The spectra in Figs. 2-25 show broadly similar structure in the CO bands, but there are significant differences from star to star, in the shape and depth of many features. To facilitate comparisons and search for correlations with stellar properties, we list in Table 2 the intensities of selected features, expressed in per cent of the continuum, as measured directly from the spectra. Features tabulated include the following:

• (a) v = 2-0 bandhead. The short wavelength limit is at R51 but within one resolution element are blended the R45-R56 lines, which span lower state energies, $E_{\rm low}$, from 5700 to 8700 K.
• (b) v = 2-0 R30. This transition lies at $E_{\rm low}$ = 2565 K, but is nearly coincident in wavelength with the R71 line at $E_{\rm low}$ = 13911 K.
• (c) v = 2-0 R14. This line has $E_{\rm low}$ = 581 K. Its wavelength lies between, but is just resolved from, R86 and R87.
• (d) v = 2-0 R0. Though one of the more prominent features in most of our spectra, this ground-state line is blended with both the v = 3-1 R17 line ( $E_{\rm low}$ = 3922 K) and the ¹³CO v = 2-0 bandhead ( $E_{\rm low} \approx 7300$ K).
• (e) v = 3-1 bandhead. The shape of the bandhead is influenced by the proximity of the 2-0 R12 and R13 lines (with $E_{\rm low}$ = 431 K and 503 K respectively). The bandhead lines have $E_{\rm low} \approx 10\,000$ K.
• (f) v = 3-1 R16 and R15. These lines arise from levels with $E_{\rm low} \approx$ 3800 K. They fall between the 2-0 R0 and P1 lines, but are blended with ¹³CO v = 2-0 lines near that bandhead.
• (g) v = 4-2 bandhead. Lines near the bandhead have $E_{\rm low} \approx ~$13000 K, but are blended with the 3-1 R12 line ( $E_{\rm low} = 3511$ K).

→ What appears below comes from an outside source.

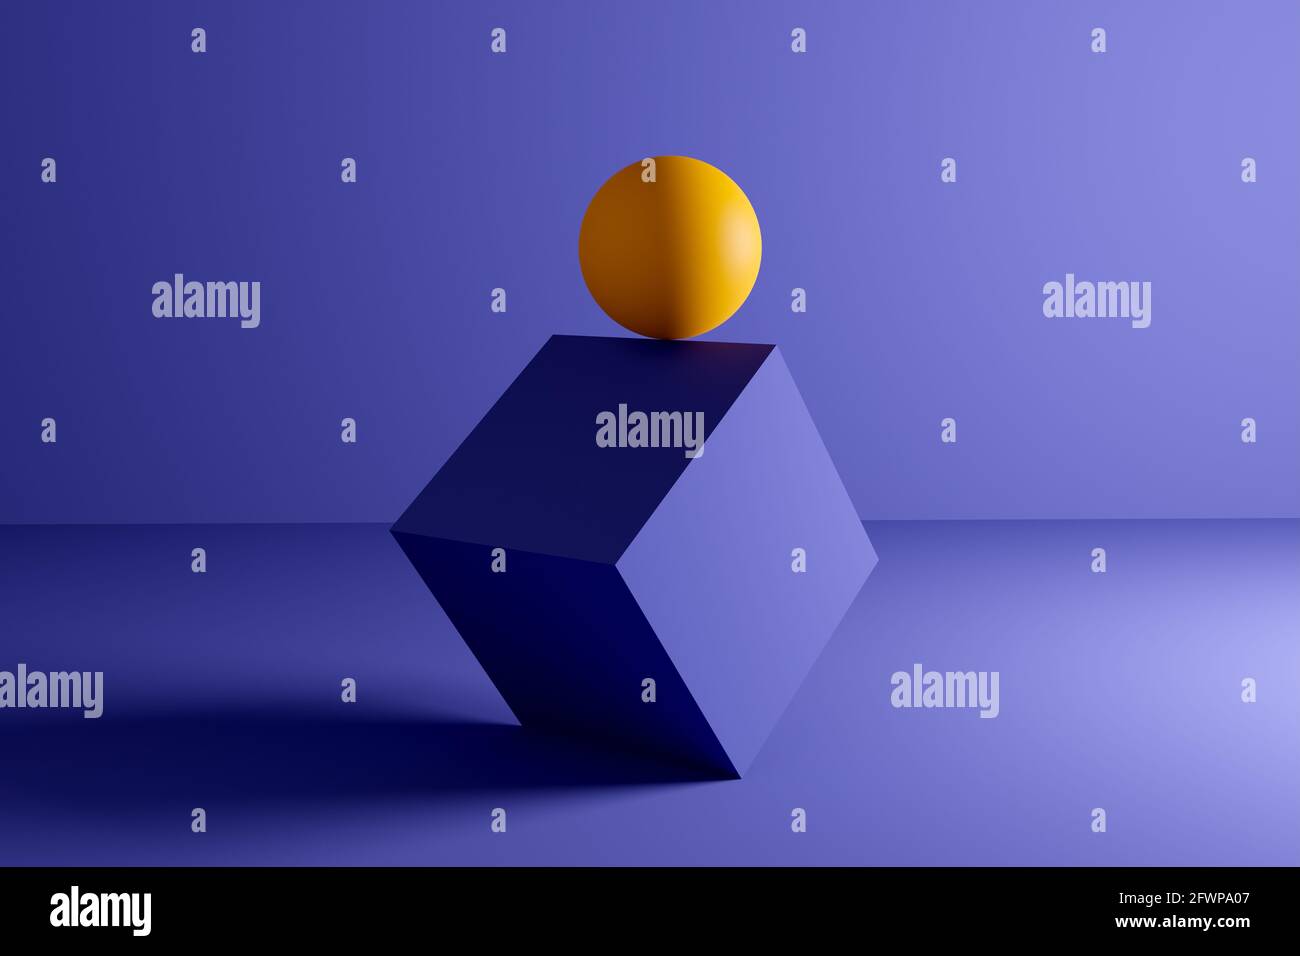 Esfera amarilla o bola balanceada en el borde de una forma geométrica de cubo sobre fondo azul. Resumen 3D ilustración de fondo. Foto de stock

Figure 26: Comparison of spectrum of $\mu$ Cep from this paper (resolution R = 3500) (solid line) with that of Wallace & Hinkle (1997) (resolution R = 2700) normalized at the same wavelength (dashed line).

3.3 Comparison with other spectra

The most directly comparable published spectra for any stars in our sample are those of Kleinmann & Hall (1986) and Wallace & Hinkle (1997), who present spectra for 4 stars in common: $\mu$ Cep, SU Per, KY Cyg, and PZ Cas - all M supergiants. (Kleinmann & Hall included $\mu$ Cep and SU Per in their atlas and in fact the same observational data were processed by Wallace & Hinkle 1997.) We have compared our spectra with those of Wallace & Hinkle (1997) and find good agreement, considering the difference in effective resolution. Wallace & Hinkle used the Fourier Transform Spectrometer (FTS) on the NOAO 4-m telescope and presented spectra with an effective frequency resolution of 1.6 cm^-1 after processing, corresponding to R = 2700 or $\Delta \lambda ~=~ 0.00086~\mu$m at $\lambda 2.32~\mu$m. At this somewhat lower resolution than ours (R = 3500), the CO bandheads show virtually identical intensities and shapes but the individual rovibrational lines (e.g., 2-0 R14-R30) are less well-resolved, as expected. An example which compares spectra for $\mu$ Cep is shown in Fig. 26. These observations were separated in time by over 12 years, so spectral variability is a possibility, but the main differences can be explained simply by the difference in effective resolution.